**What you will do:** The whole listing, apart from its images, should be restated word for word.

**Information supplied:**
■ ■ ■ ■ ■

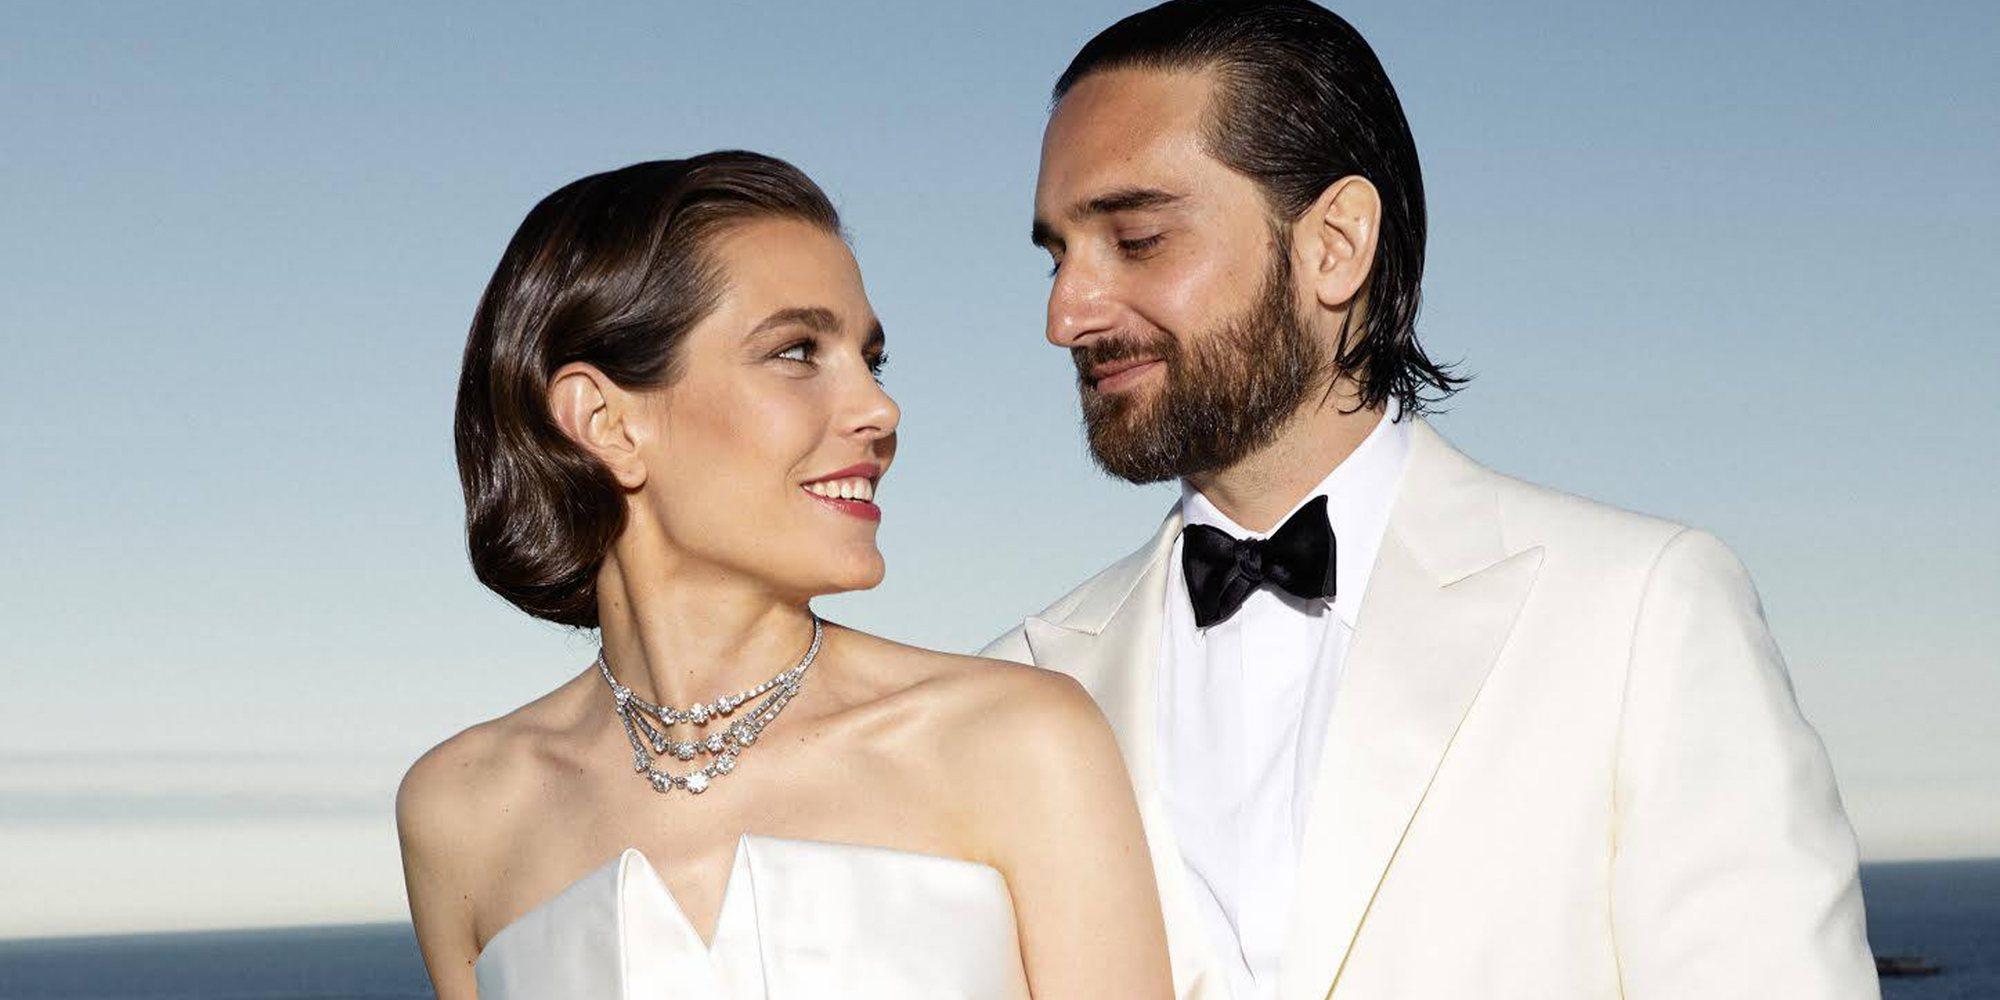 La boda poco tradicional de Carlota Casiraghi y Dimitri Rassam
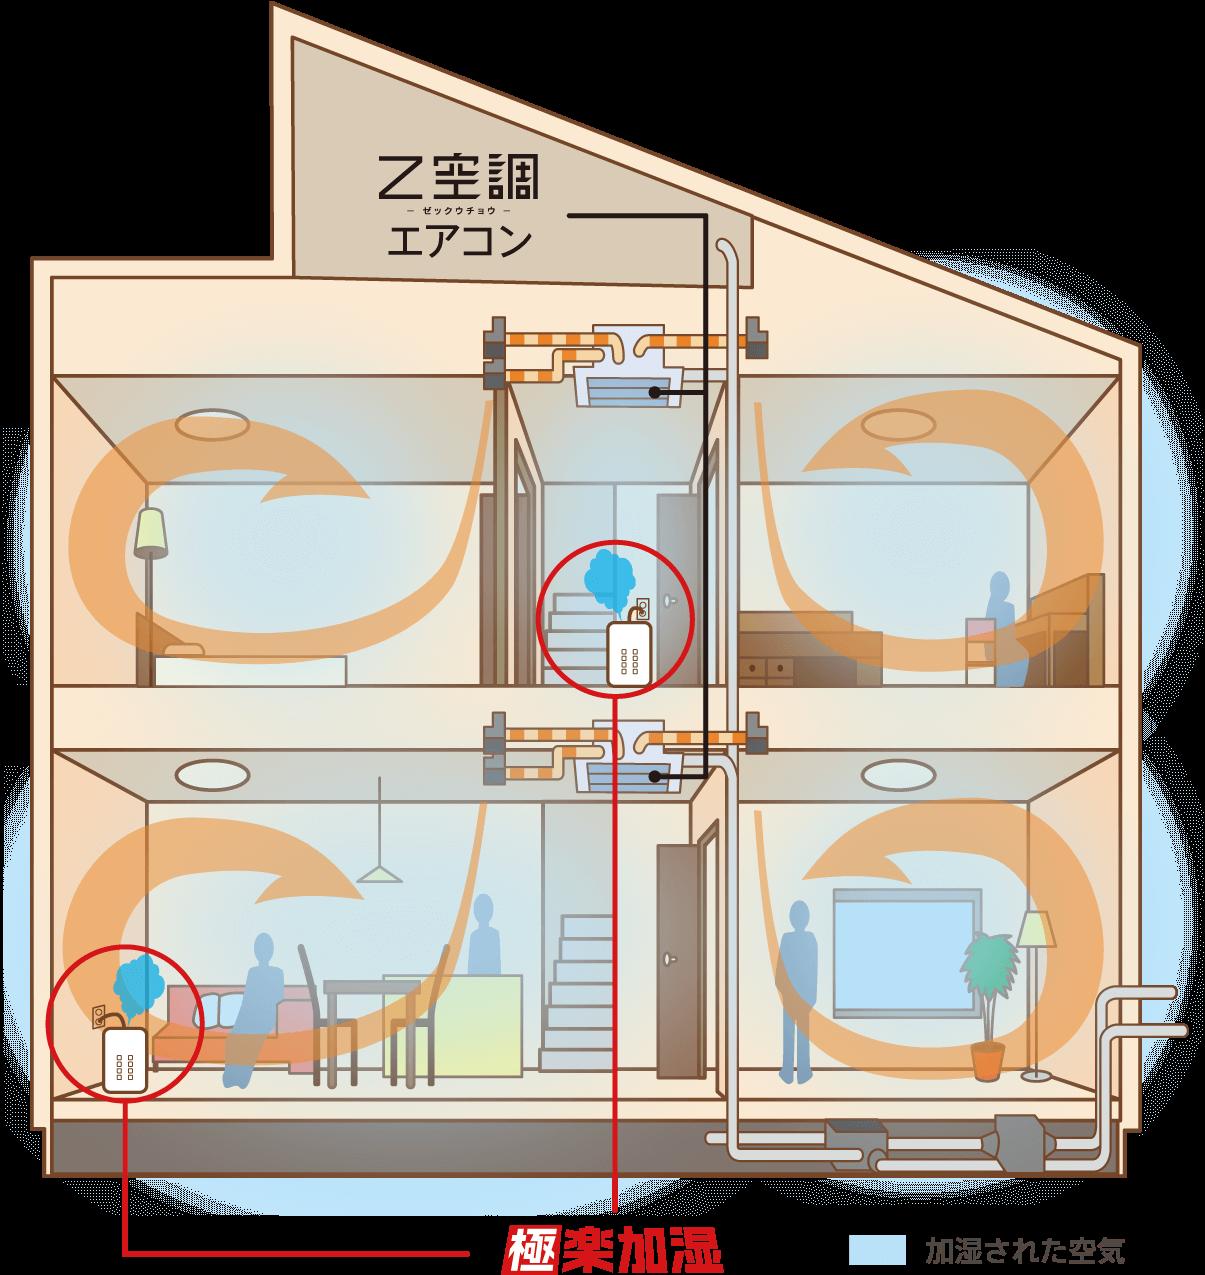 Z空調エアコン
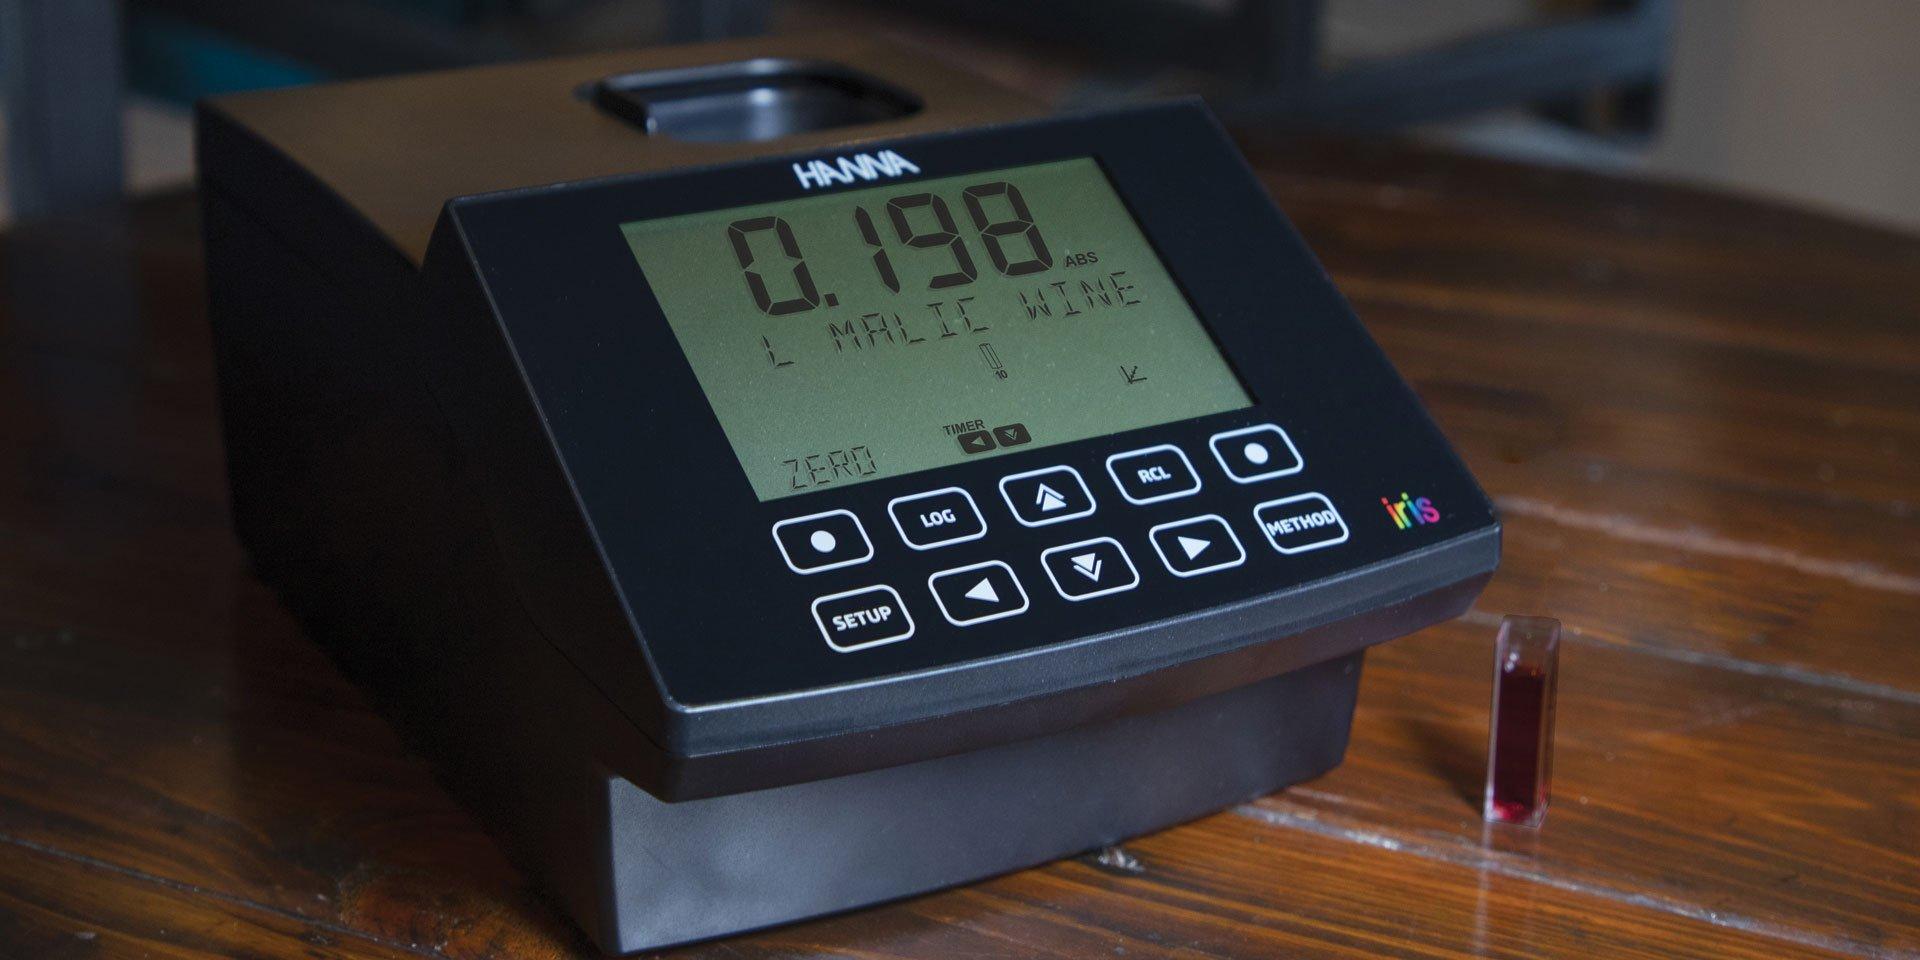 2-HI801-Iris-Spectrophotometer-on-wood

■ ■ ■ ■ ■

**Answer section:**
 La boda poco tradicional de Carlota Casiraghi y Dimitri Rassam
 Z空調エアコン
 2-HI801-Iris-Spectrophotometer-on-wood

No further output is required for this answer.